Andrew Sullivan, a writer and strong
supporter of President Obama, has reportedly denounced the “general liberal
contempt” for the sincere objections religious organizations have against the
contraceptive mandate and gay marriage. Sullivan,
a proponent of same-sex marriage, uses “a rather aggressive column” by Linda
Greenhouse in The New York Times as a
recent example of how liberals dismiss the genuine worries of religious groups,
such as the Colorado based Little Sisters
of the Poor. “All the government is
asking the order (the Little Sisters)
to do is sign the standard one-page form that sets the exemption machinery in
motion,” wrote Greenhouse, a Pulitzer Prize-winning writer on law. “That's it. There is no government investigation of the
merits of the religious claim – or of the unfounded belief that some of the
contraceptives to which the nuns object can actually terminate what the medical
profession regards as an existing pregnancy.”
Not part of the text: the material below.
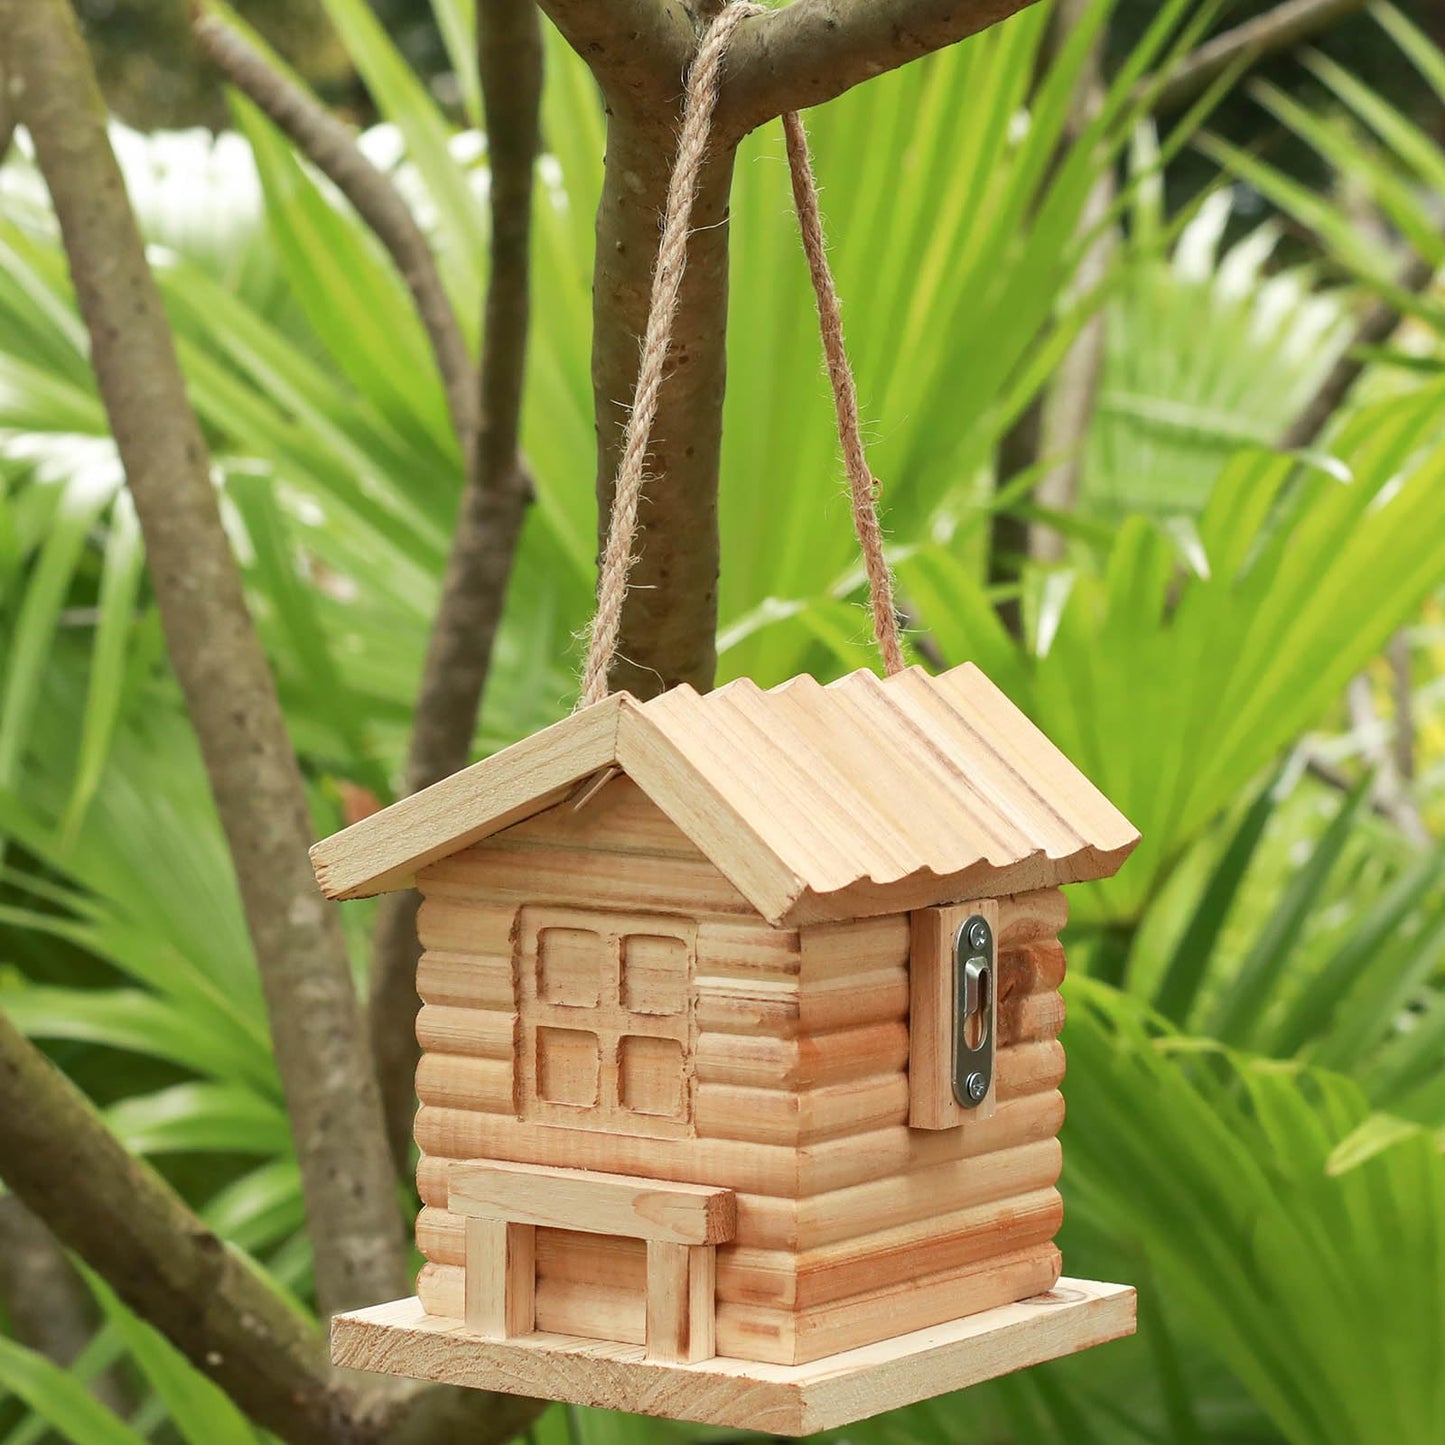 STARSWR Bird House Outside,Outdoors Bird House for Bluebird Finch Cardinals Hummingbird,Small Hanging Wooden Bird House Clearance
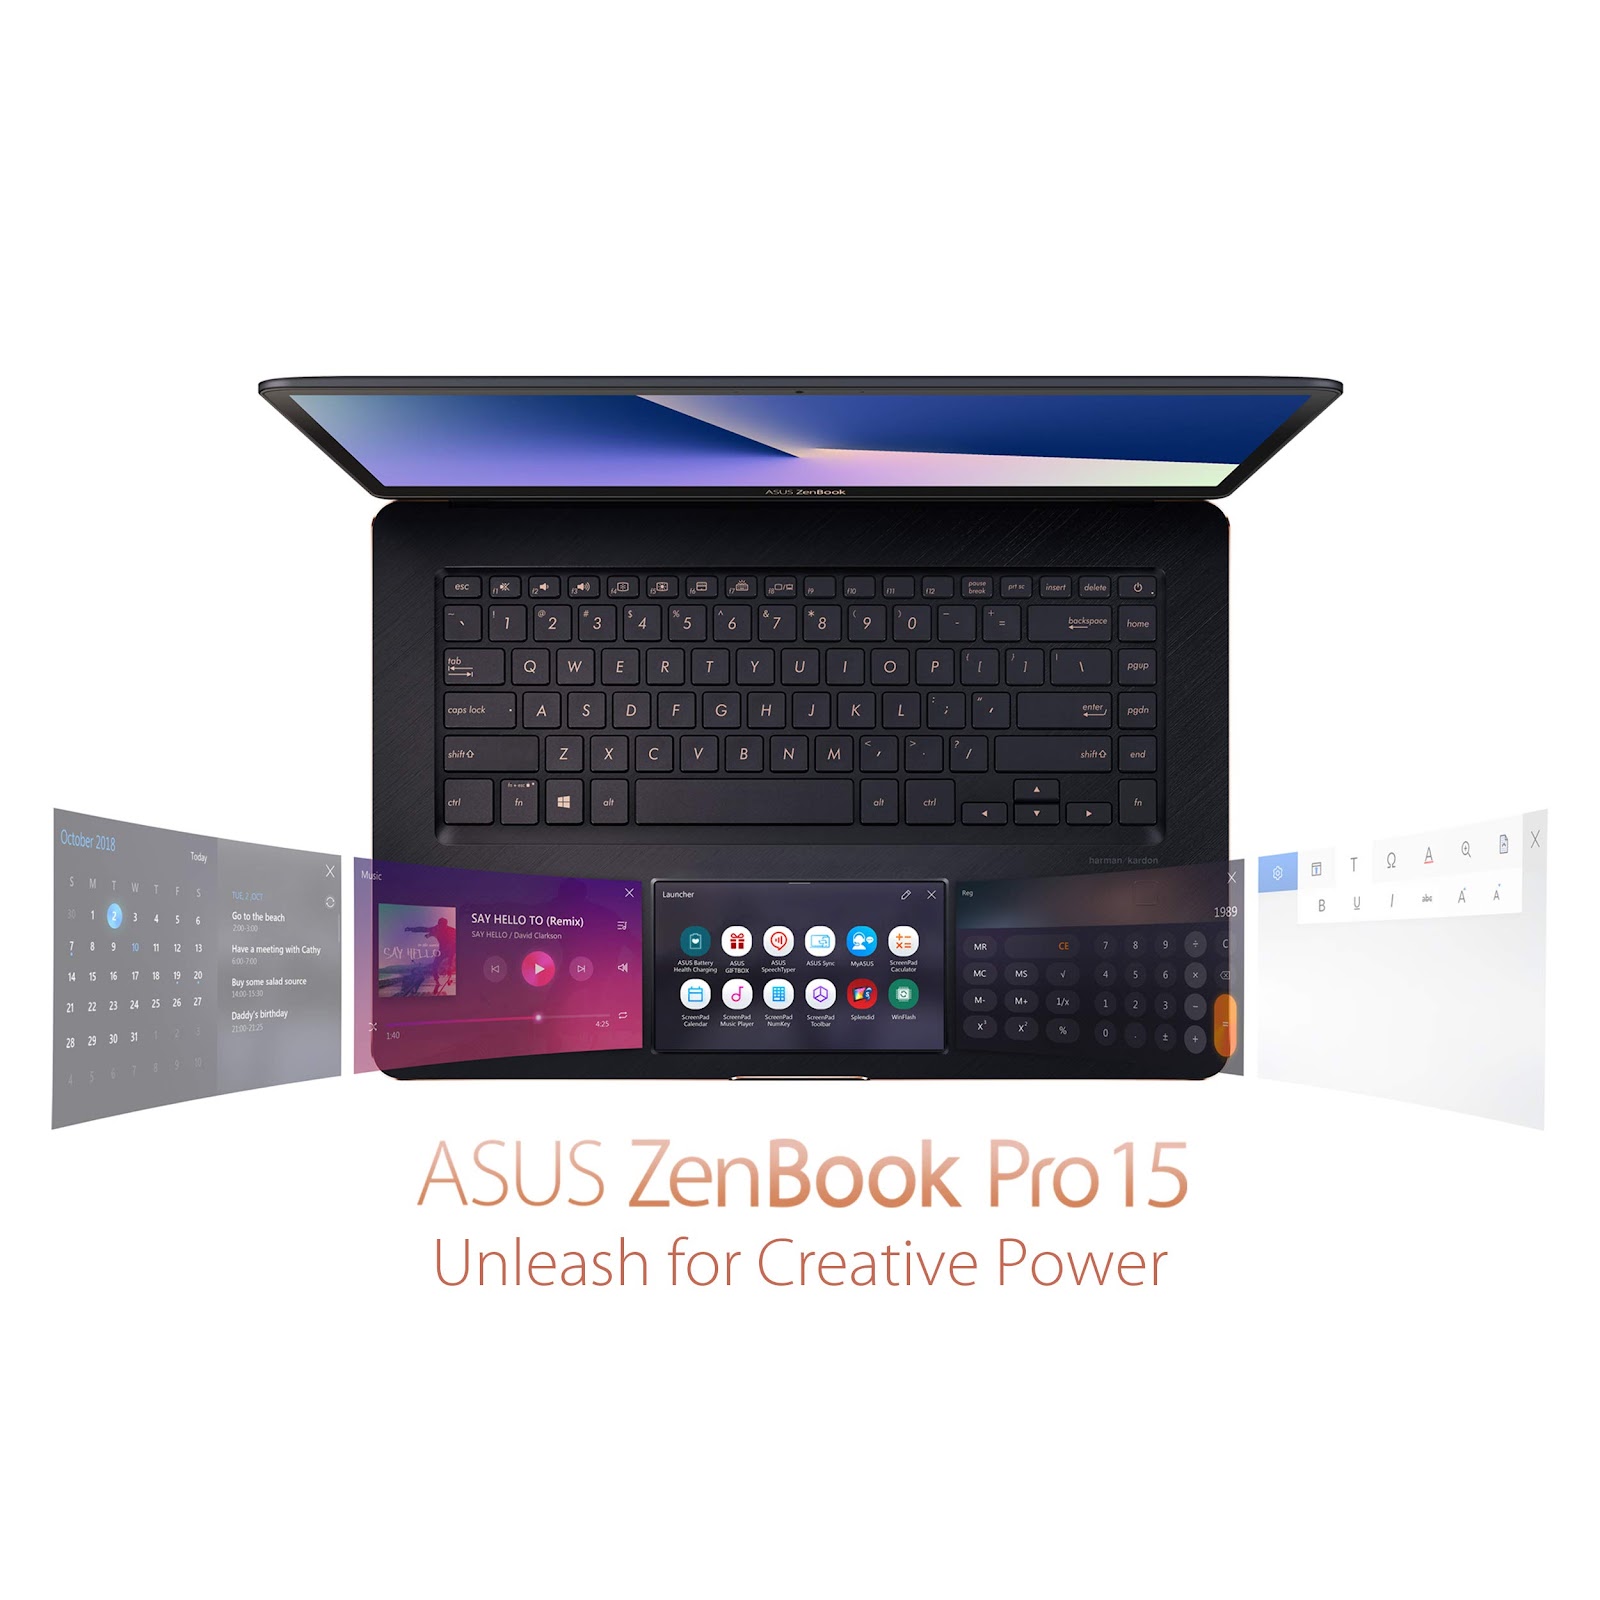 ASUS ZenBook Pro 15 i9 8950hk

Still, the justices gave the Little Sisters what they wanted, Greenhouse
added, referring to the Supreme Court’s temporary exemption of the Catholic
nuns from Obama's Affordable Care Act.
She said, “The Obama Administration has
offered the churches an ever more generous set of accommodations, but each has
only led to a demand for more.”
A senior editor for National Review magazine, Ramesh
Ponnuru, helped Sullivan (a Roman Catholic) to understand religious groups’ objections
to the mandate that employers provide coverage for contraception … including
abortifacients … in their employees’ healthcare plans. The exemption form, wrote Ponnuru, is the “instrument”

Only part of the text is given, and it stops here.